[RFC] Human Readable URLs

Note: We are moving the topics of this forum and it will be deleted at some point

Publish your own request for comments/change or patches for the next version of phpBB. Discuss the contributions and proposals of others. Upcoming releases are 3.2/Rhea and 3.3.
Locked
User avatar
Sam
Registered User
Posts: 31
Joined: Fri Jan 23, 2009 10:24 pm

[RFC] Human Readable URLs

Post by Sam » Sat Jul 02, 2011 8:34 pm

Please note this is a Request For Comments topic, not a discussion. It is not meant to serve as a discussion for whether Pretty URLs are useful or not, rather to give my suggested implementation and receive comments and suggestions on this specific implementation.

Related Discussions:
viewtopic.php?f=105&t=35616
http://www.phpbb.com/community/viewtopi ... &t=2100309

A URL is the gateway to your website, and how web pages can be accessed. The common movement on the web is to more towards a RESTful way to interface with web applications.

Benefits
  • User can be clued into where they are going by just looking at the URL
  • Keywords in the URL
  • Could pave the way for more seemless integration in APIs introduced later on
Drawbacks
  • Potential release of sensitive information via referrers
  • Rewriting URLs can cause additional load on the webserver
The implementation sample below is what I have worked out with the following in mind:
  • Avoid all URL collisions without looking up topics
  • Allow for old URLs (?f=12&t=34) to work and be redirected
  • Accommodate changing topic names
  • Language neutrality

Code: Select all

/                                   Index
/forum-name-f12/                    Forum ID 12
/forum-name-f12/my-topic-t4/        Topic id 4
/forum-name-f12/post/               New topic in forum id 12'
/forum-name-f12/my-topic-t4/reply/  Reply in topic 4
/memberlist/                        Memberlist
/memberlist/leaders/                Leaders
/member/sam-m2/                     Member ID 2
/group/group-name-g4/               Group 4
/ucp/{i}/                           Default GET params in the URL
/ucp/{i}/{mode}/                    
/mcp/{i}/                           Default GET params in the URL
/mcp/{i}/{mode}/
/search/                            Just use REQUEST for the rest except for special case
/search/egosearch/                  Ego search
The idea here would be to covertly stuff the ID (and some identifier to show what sort of ID it is) into the URL. This ensures that collisions are impossible and will not require lookups to check for similar url slugs.

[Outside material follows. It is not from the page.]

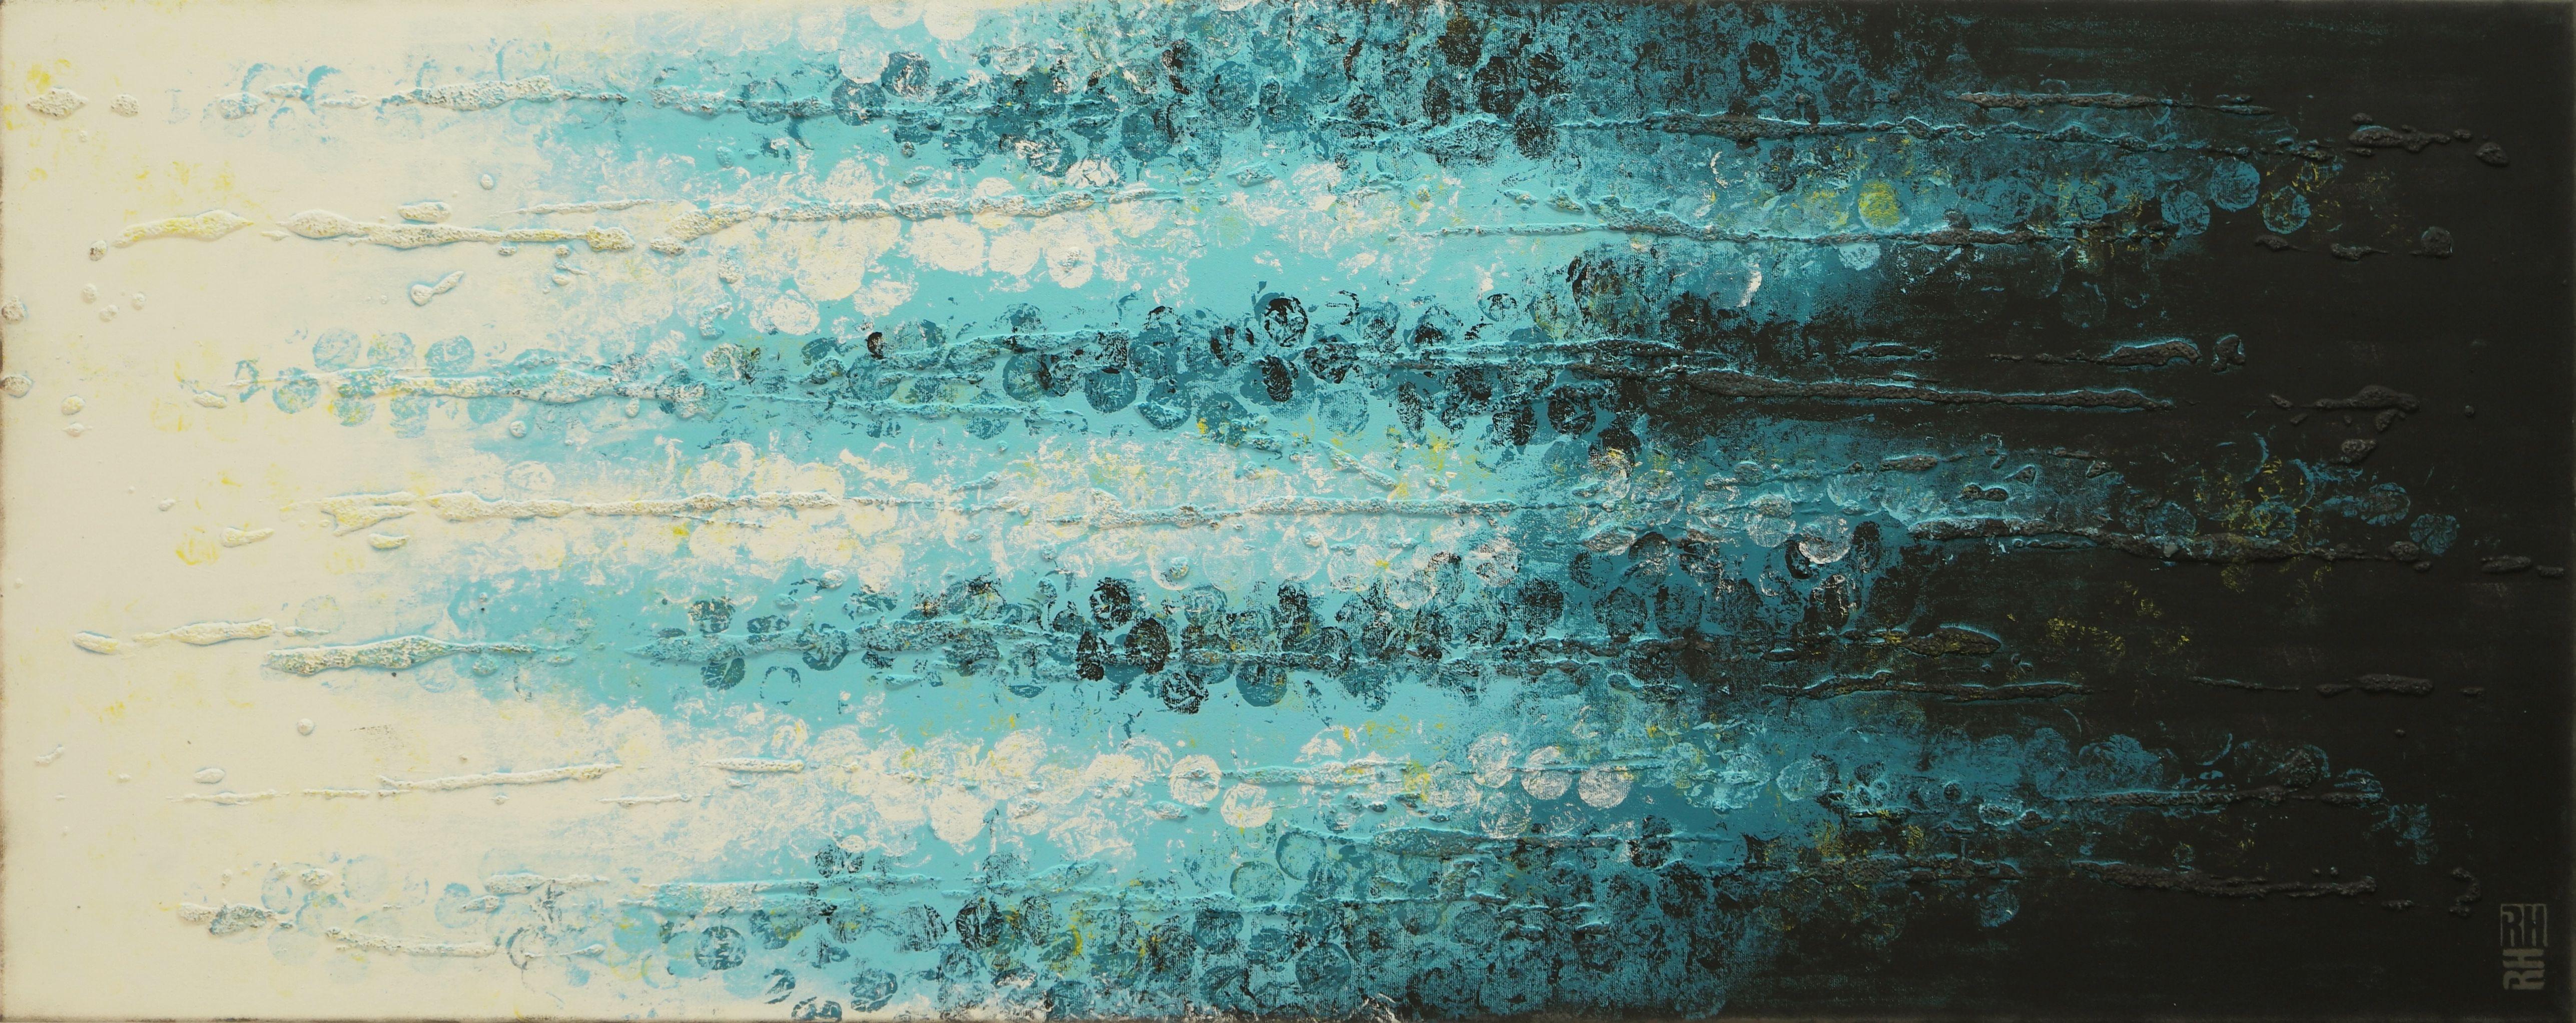 Ronald Hunter Abstract Painting - Stream Boiling Bubbles, Painting, Acrylic on Canvas

When you submit a topic, it will clean the title out and tack on "-t{ID}" to the end to produce the final slug. This is stored in the database. When you visit a page, it will go only by the topic ID, where the rest of the text is simply dummy text. The page will check if the the URL slug is correct and redirect if it does not match the one stored in the database. This will allow topic title changes to happen seamlessly, and the 301 will tell search engines to update their links.

An example of a redirect:
  1. User clicks an old url:
    http://www.phpbb.com/community/viewtopic.php?f=14&t=2133523
  2. htaccess (which is not aware of anything DB side) will redirect here:
    http://www.phpbb.com/community/f14/t2133523/
  3. User lands on the page, which detects the slugs do not match. It will then direct them here:
    http://www.phpbb.com/community/announcements-f14/phpbb-at-oscon-july-26-28-t2133523/
Comments/Suggestions?

User avatar
Meis2M
Registered User
Posts: 411
Joined: Fri Apr 23, 2010 10:18 am
Contact:

Re: [RFC] Pretty URLs

Post by Meis2M » Sun Jul 03, 2011 3:39 am

wow...its a very good idea. I congratulate Sam

User avatar
naderman
Product Manager
Product Manager
Posts: 1727
Joined: Sun Jan 11, 2004 2:11 am
Location: Karlsruhe, Germany
Contact:

Re: [RFC] Pretty URLs

Post by naderman » Sun Jul 03, 2011 4:57 am

Can you explain more precisely what the cleaning of the topic title would work like? What are your thoughts on handling Unicode? Are the compatability problems with webservers and unicode in paths?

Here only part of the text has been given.